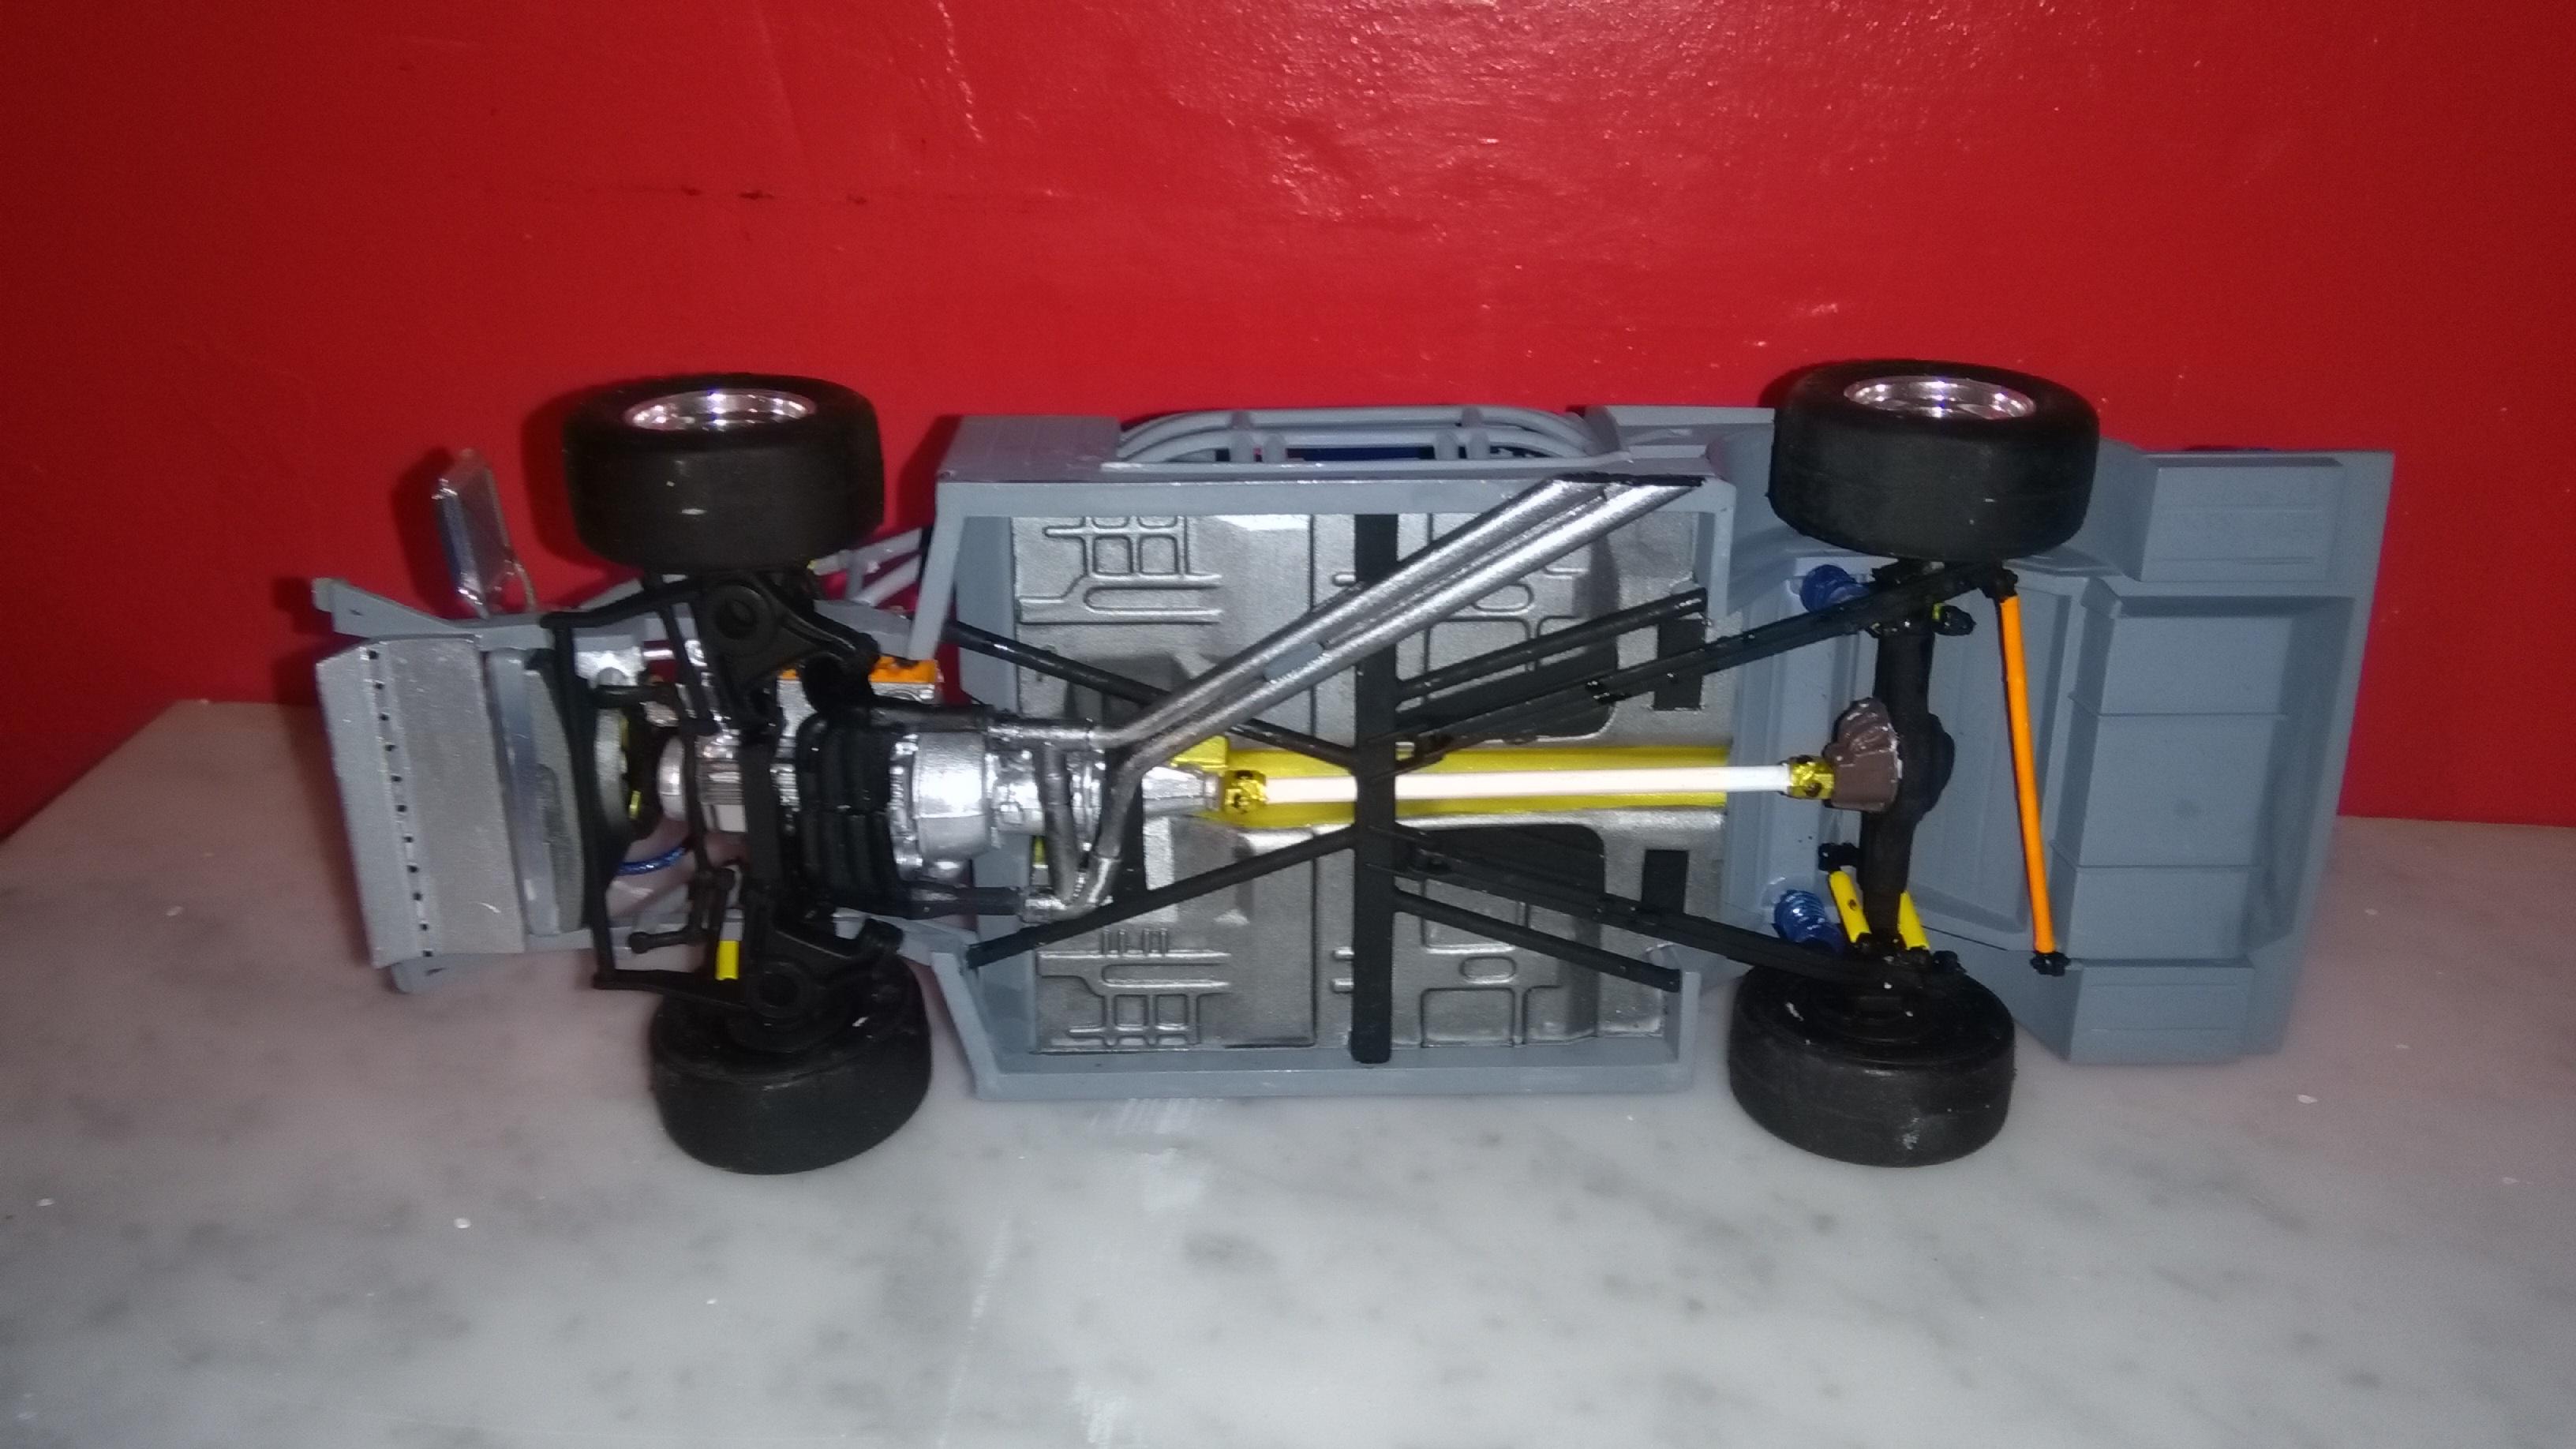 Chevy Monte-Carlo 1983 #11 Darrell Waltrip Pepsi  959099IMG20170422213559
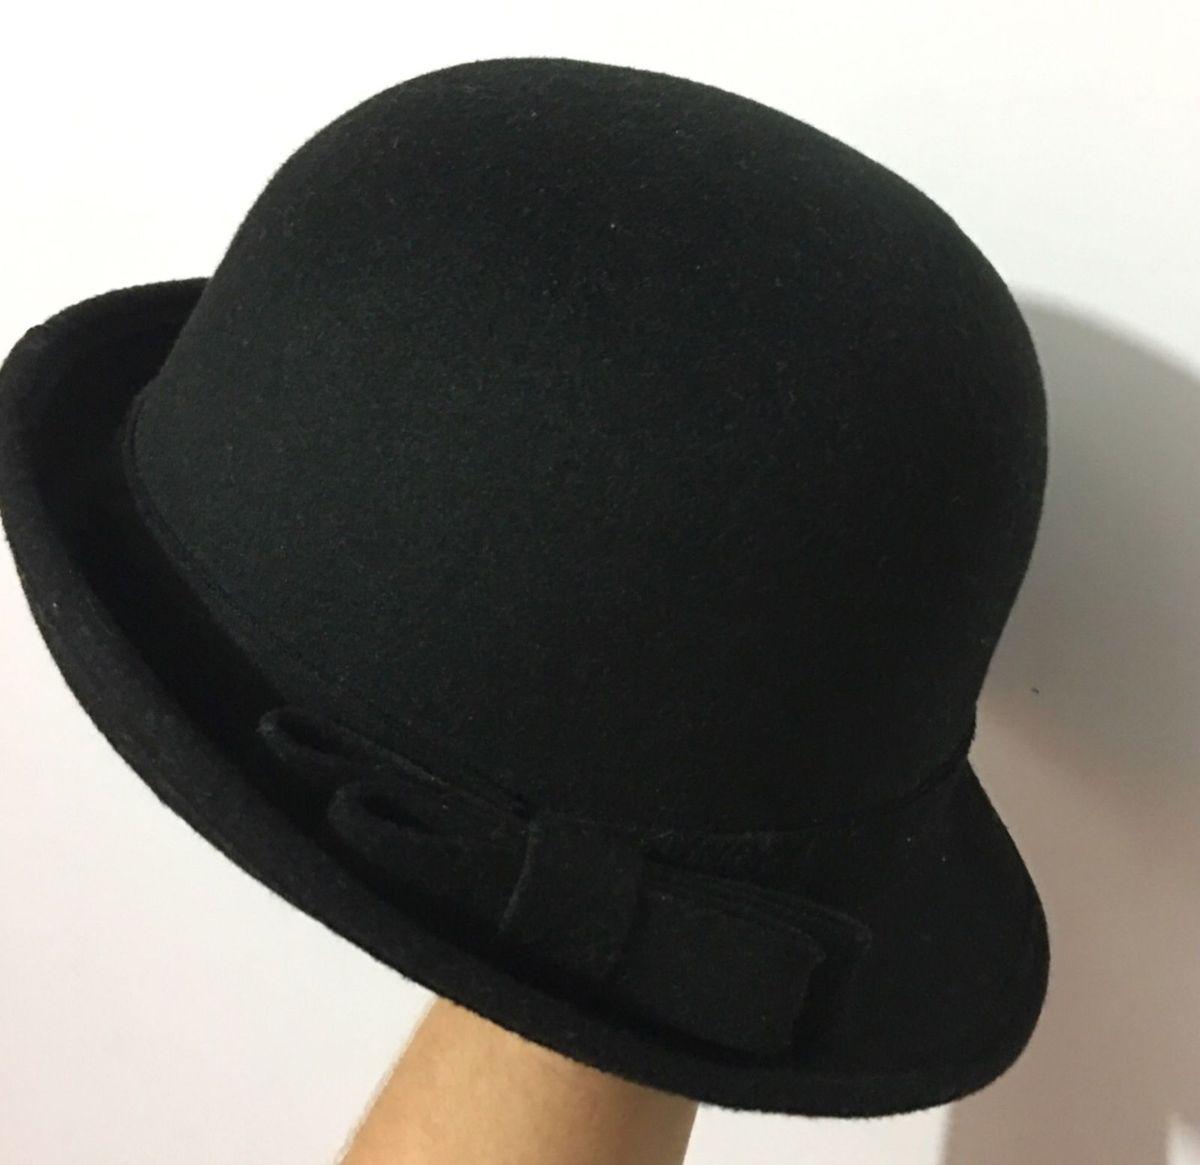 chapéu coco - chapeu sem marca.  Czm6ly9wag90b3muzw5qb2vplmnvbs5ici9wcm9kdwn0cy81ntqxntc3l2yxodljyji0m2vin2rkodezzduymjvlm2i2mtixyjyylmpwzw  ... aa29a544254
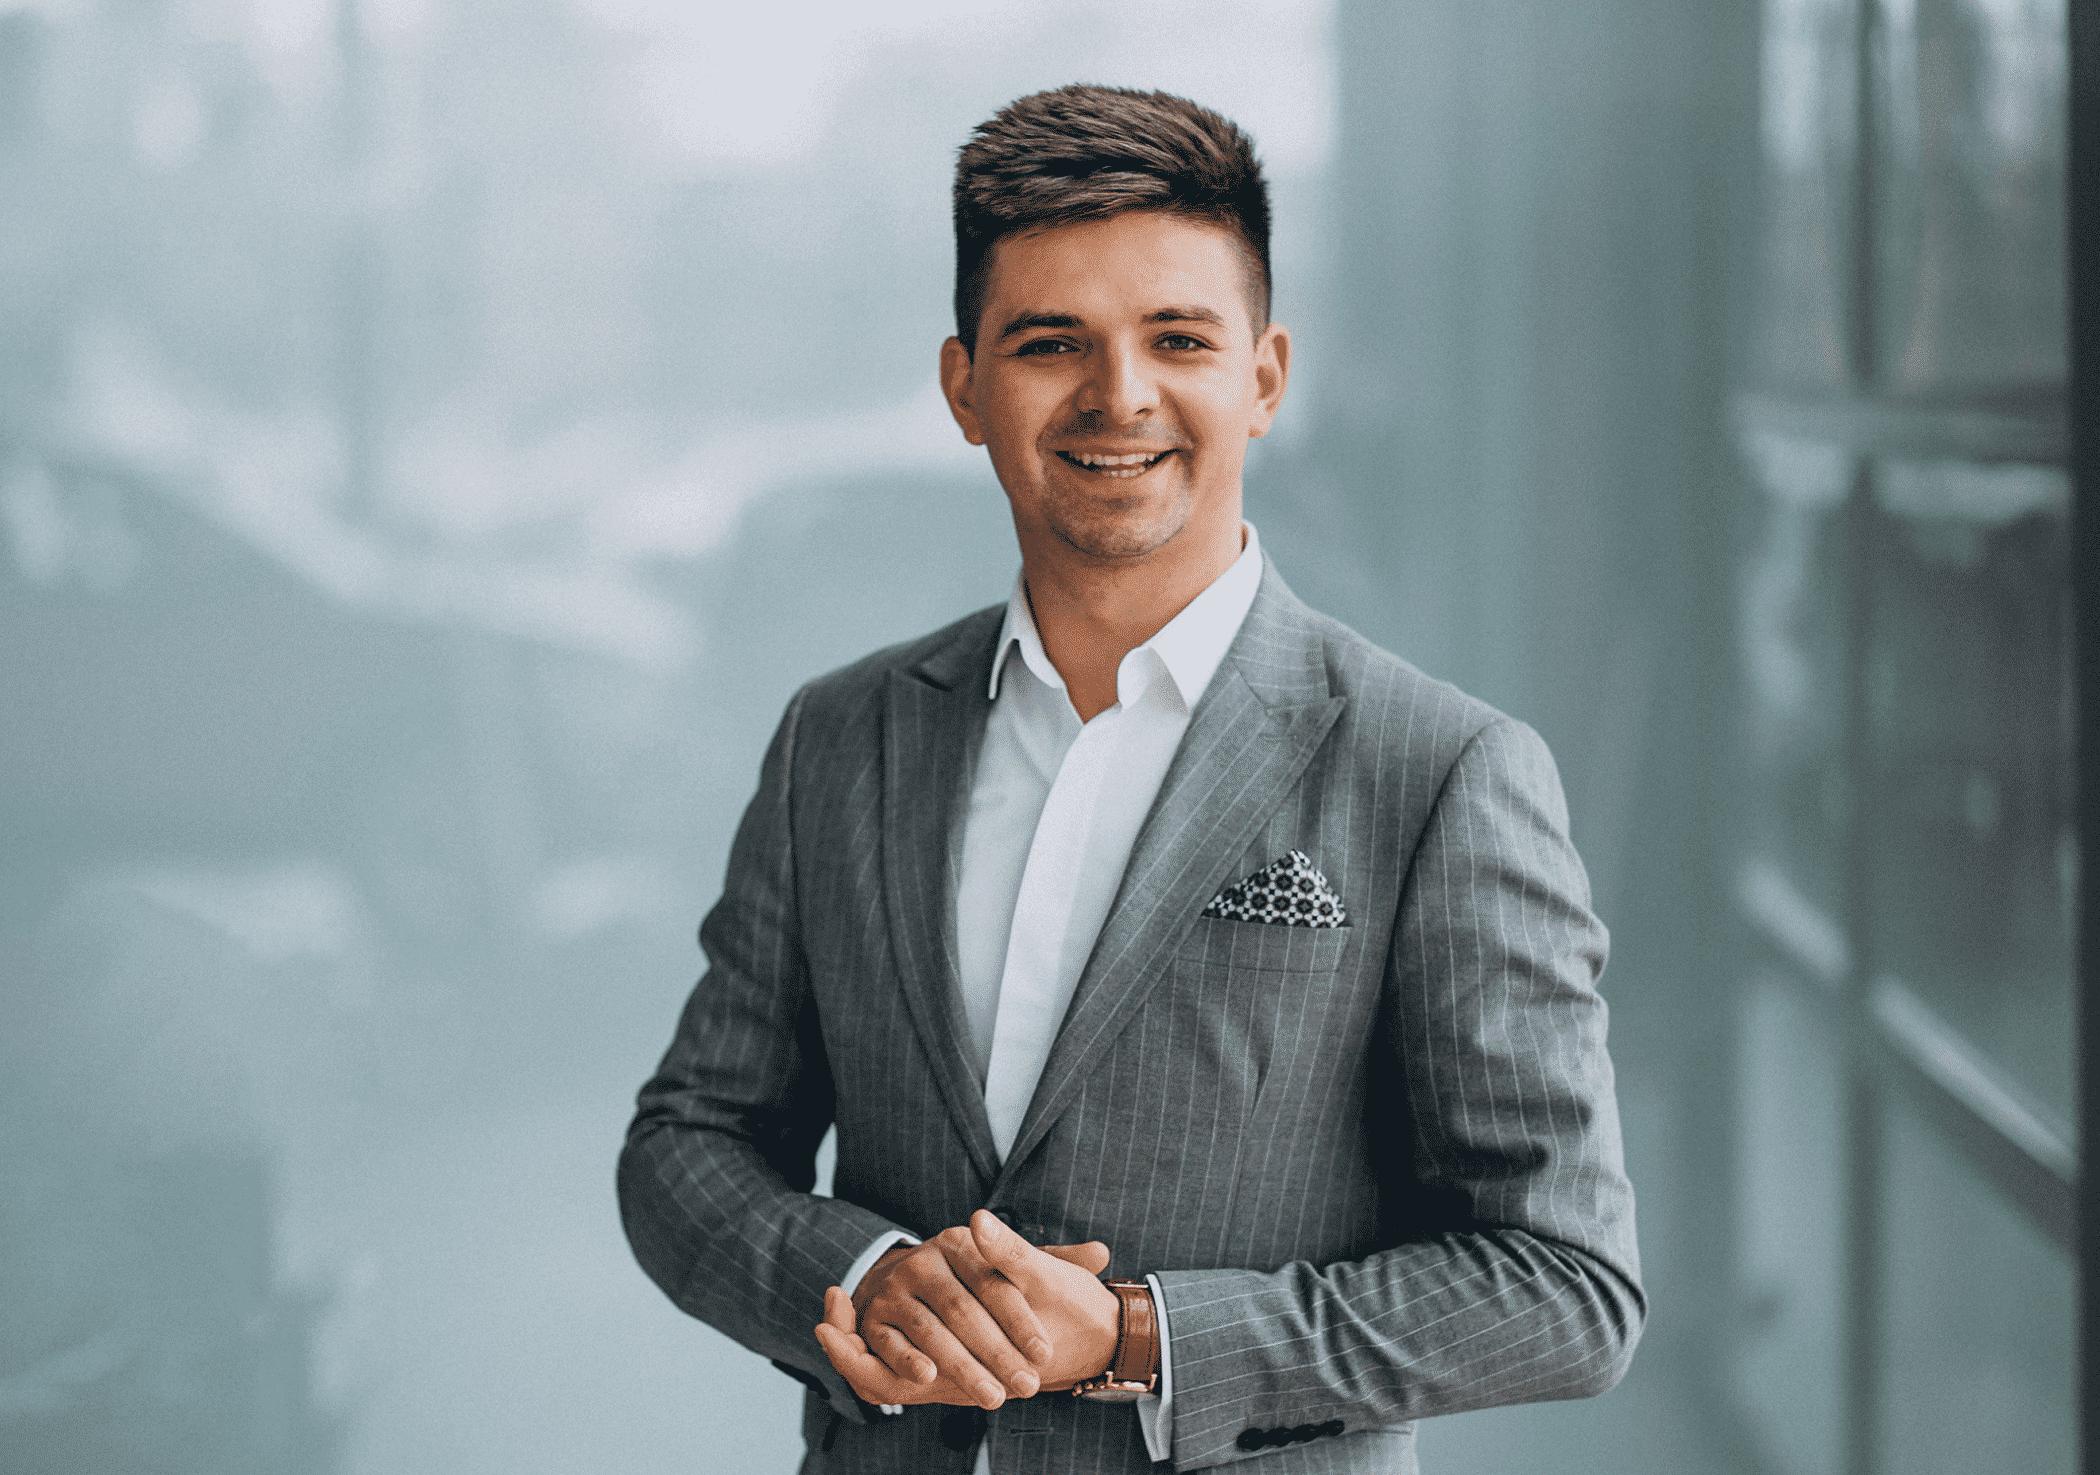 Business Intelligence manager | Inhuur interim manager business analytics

### What you will do
Word-for-word repeat, images excluded: return all the data.

### Response
 Chevy Monte-Carlo 1983 #11 Darrell Waltrip Pepsi  959099IMG20170422213559
 chapéu coco - chapeu sem marca.  Czm6ly9wag90b3muzw5qb2vplmnvbs5ici9wcm9kdwn0cy81ntqxntc3l2yxodljyji0m2vin2rkodezzduymjvlm2i2mtixyjyylmpwzw  ... aa29a544254
 Business Intelligence manager | Inhuur interim manager business analytics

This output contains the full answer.